In one trial, Dr Singh and colleagues randomly assigned 1487 patients undergoing dialysis to receive daprodustat, a hypoxia-inducible factor prolyl hydroxylase inhibitor (HIF-PHI), and 1477 to receive an injectable ESA (epoetin alfa for those on hemodialysis and darbepoetin alfa for those on peritoneal dialysis). The mean change in hemoglobin from baseline to weeks 28 through 52 was 0.28 g/dL in the daprodustat recipients and 0.10 g/dL in the ESA group, a difference of 0.18 g/dL that met the prespecified noninferiority margin of -0.75 g/dL, Dr Singh reported.

During a median follow-up of 2.5 years, a major adverse cardiovascular event (MACE) occurred in 374 daprodustat recipients (25.2%) and 394 ESA-treated patients (26.7%), which also met the prespecified noninferiority margin for daprodutstat, according to the investigators.

In the other trial, the investigators randomly assigned 1937 patients with nondialysis CKD to receive daprodustat and 1935 to receive darbepoetin alfa. The mean baseline hemoglobin levels were similar in both groups. The mean change in hemoglobin level from baseline to weeks 28 through 52 was 0.74 g/dL for daprodustat recipients and 0.66 g/dL for those treated with darbepoetin alfa, a difference of 0.08 g/dL, which met the prespecified noninferiority margin of -0.75 g/dL.

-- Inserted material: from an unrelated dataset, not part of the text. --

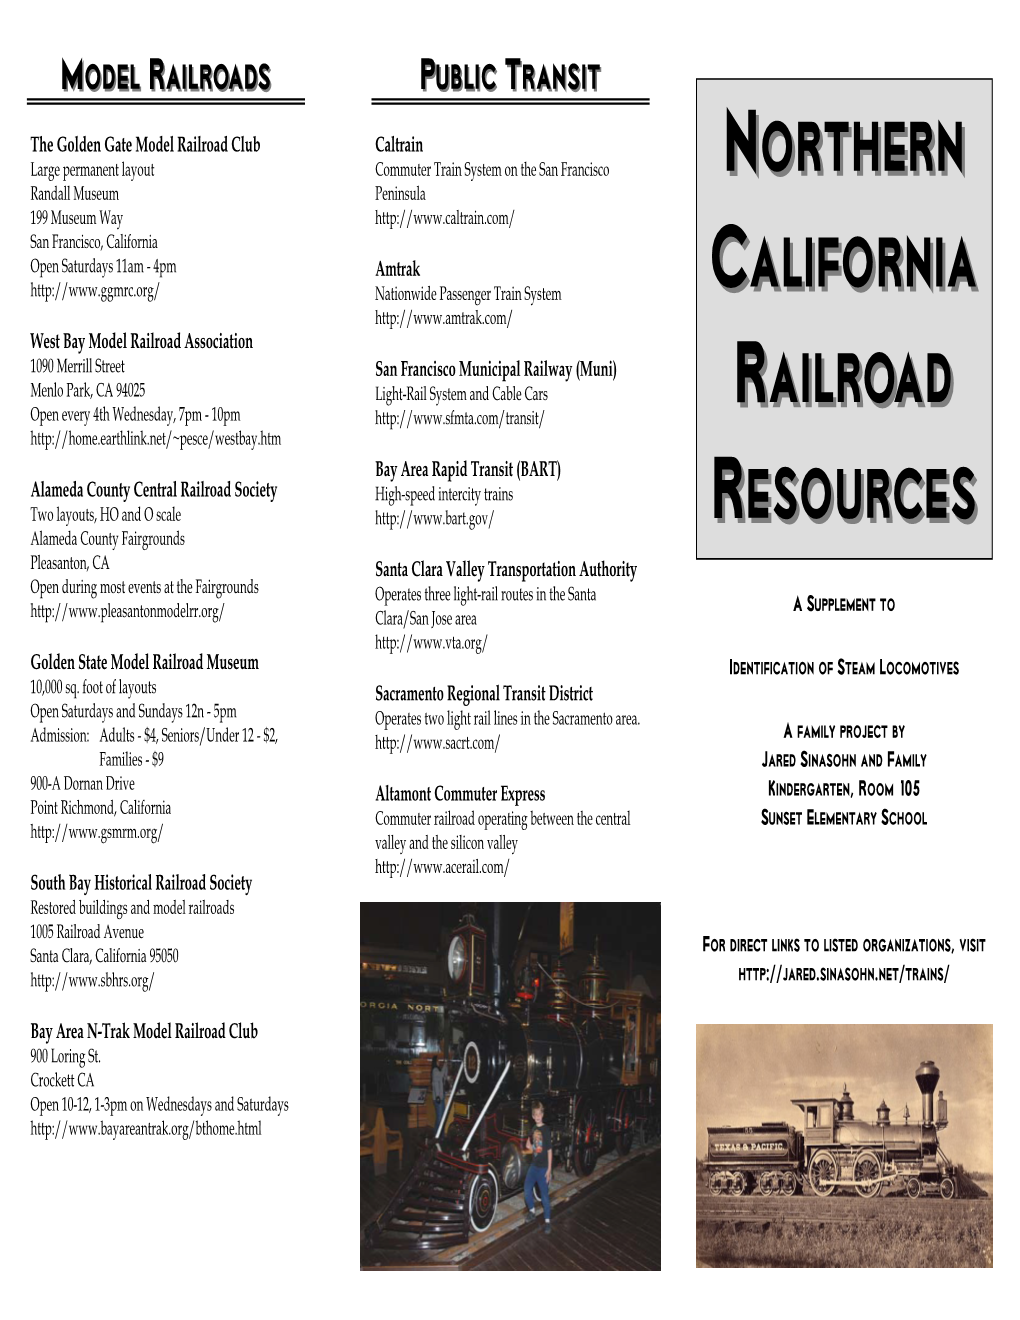 Northern California Railroad Resources

During a median follow-up of 1.9 years, a first MACE occurred in 378 patients (19.5%) in the daprodustat group and 371 darbopoetin alfa recipients (19.2%), which met the prespecified noninferiority margin of 1.25, according to the investigators.

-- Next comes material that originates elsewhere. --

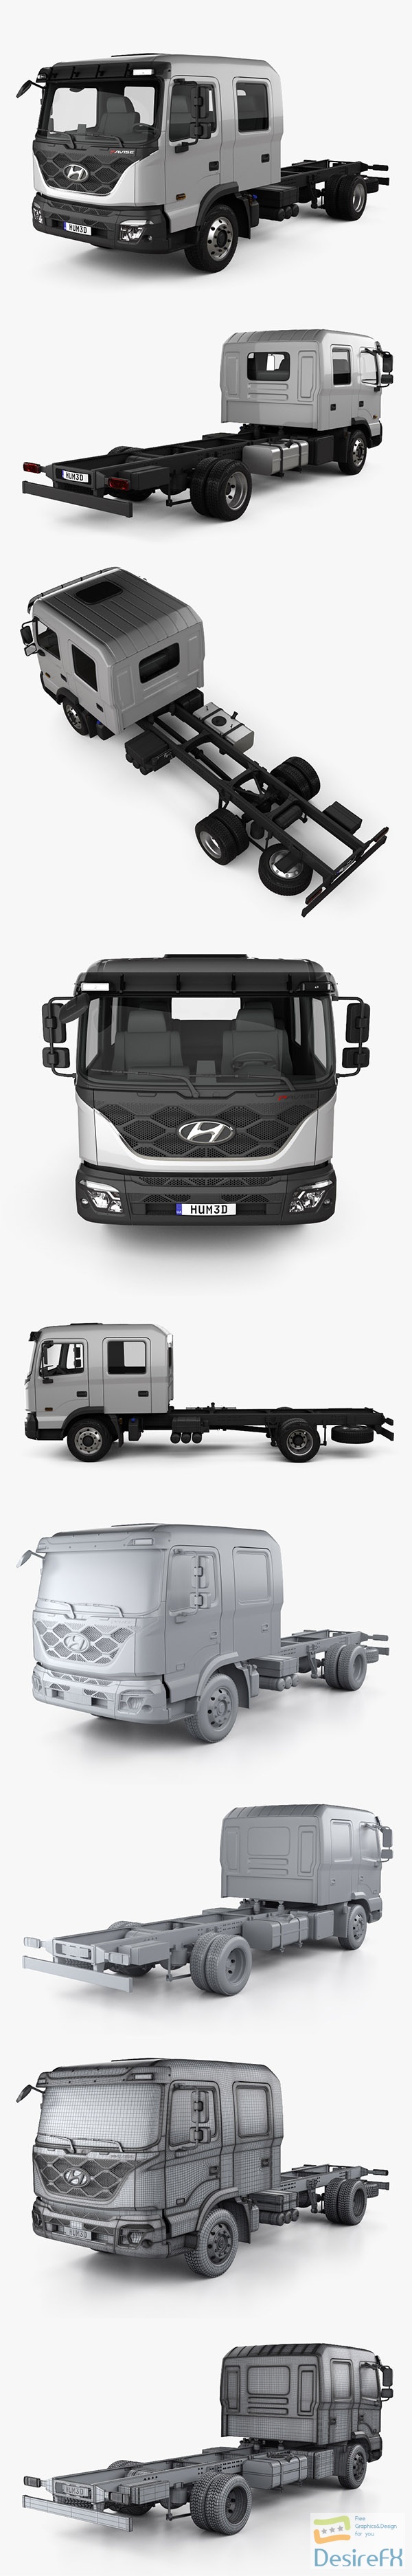 Hyundai Pavise Double Cab Chassis Truck 2019 3D Model

For both trials, investigators defined MACE as a composite of death from any cause, nonfatal myocardial infarction, or nonfatal stroke.

Disclosure: The trials were funded by GlaxoSmithKline, which is developing daprodustat.

References

Singh AK, Carroll K, Perkovic V, et al. ASCEND Program: Efficacy and safety from ASCEND-D and –ND and overall MACE finding. Presented at: Kidney Week 2021, November 2-7, 2021. Abstract: FR-OR66.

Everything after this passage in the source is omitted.